The Authority for Advance Ruling (AAR) in Armstrong World Industries Mauritius Multiconsult Ltd [TS-628-AAR-2012] allowed the benefit of India-Mauritius DTAA on a share buy-back. AAR observed that ‘mere fact that investment made through Mauritius is not sufficient to hold the transaction as tax avoidance scheme’. However, subsequently AAR in another case (applicant’s name withheld citation - [TS-196-AAR-2012]) held that a share buy-back by an Indian company with a Mauritian shareholder was a “tax avoidance” scheme. AAR held that the buy-back scheme was a 'colourable device' to avoid payment of DDT in India.  [Subsequent to this AAR ruling, IT Department is also learnt to have issued notices to a few companies who have been involved in share buy-back transactions].

The introduction of buy-back tax in Finance Bill 2013 puts to rest the controversy on whether the buy-back structure is essentially for avoiding tax. The Budget proposal (which in a way affirms the latest AAR ruling) tries to plug the tax arbitrage on distribution of profits as capital gains versus dividend. Also the way, in which this amendment is introduced in the IT Act, it will take away the alternate legal argument of claiming “holding –subsidiary exemption” which is available u/s 47 of the Income Tax Act. A transfer of assets by a 100% Indian subsidiary to its parent company enjoys capital gains exemption under the domestic law (without resorting to treaty). Thus, a view could be taken that a share buy-back between holding –subsidiary companies is covered by the exemption.

The buy-back tax [introduced under a new Chapter XII-DA under Income Tax Act] is applicable on the “distributed income” by an unlisted company which means ‘the consideration paid by the company on buy-back of shares as reduced by the amount which was received by the company for issue of such shares’. The Budget proposals [new section 115QA] state that the tax on the distributed income by the company shall be treated as final payment of tax and no further credit shall be claimed by the company or by the shareholder. The shareholder is exempt from tax on income from buy-back and the company is not entitled to claim tax paid as a deduction. The tax is payable within 14 days from the date of payment of consideration to the shareholder.

Like DDT, there will be a question mark regarding the availability of credit in the hands of the shareholder on the buy-back tax paid by Indian company. Treaties normally allow tax credit (subject to domestic law provisions in home country) on the tax levied on the income recipient in source country (eg: India). In the case of a buy-back, the tax will be levied on the Indian company and the shareholder would be fully exempt. Thus, absent tax credit, buy-back tax (like DDT) would be a cost at the Group level for MNCs.
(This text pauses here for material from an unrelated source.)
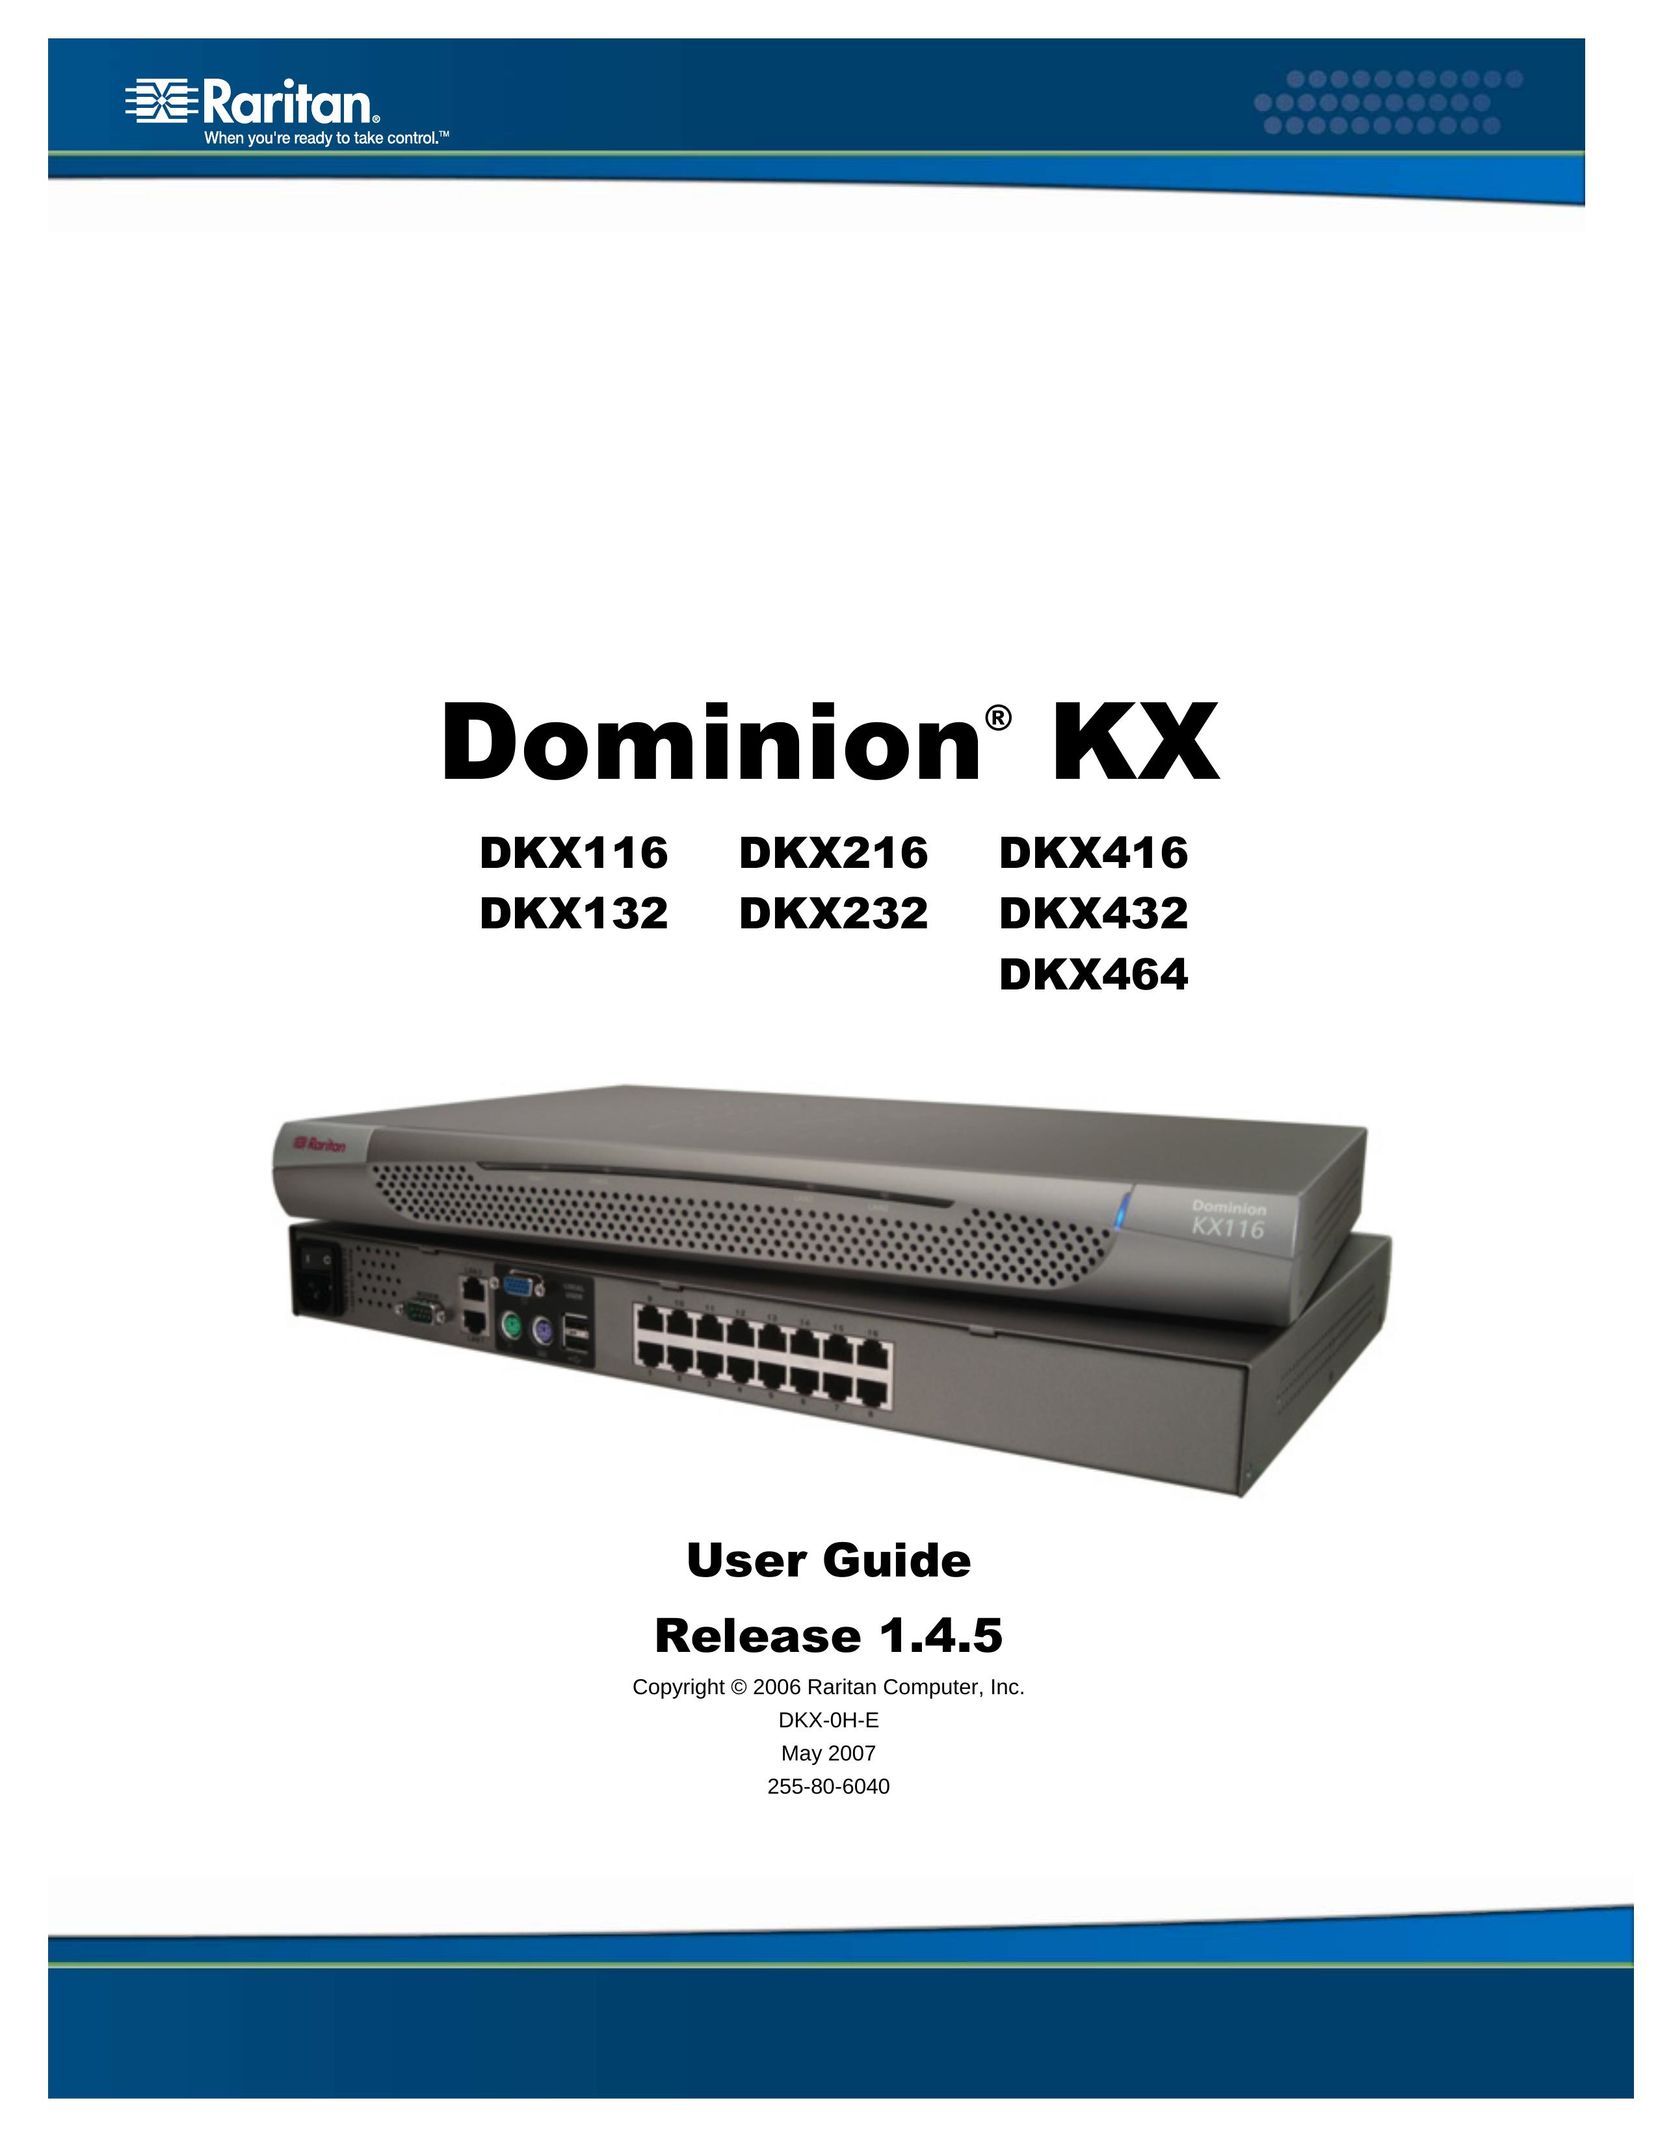 Raritan Computer DKX216 Network Router User Manual

For domestic shareholders of unlisted companies, the proposed amendment would be neutral as the share buy-back is any way taxable @ 20% (as long term capital gain). These provisions (once enacted) would be applicable from June 1st, 2013, thus providing a window of next 3 months!

Tax on share-buy-back coupled with increase in tax rates for royalty/FTS clearly suggests FM’s intention to tax MNCs on profits from Indian activities and clamp down on legally permissible tax planning devices.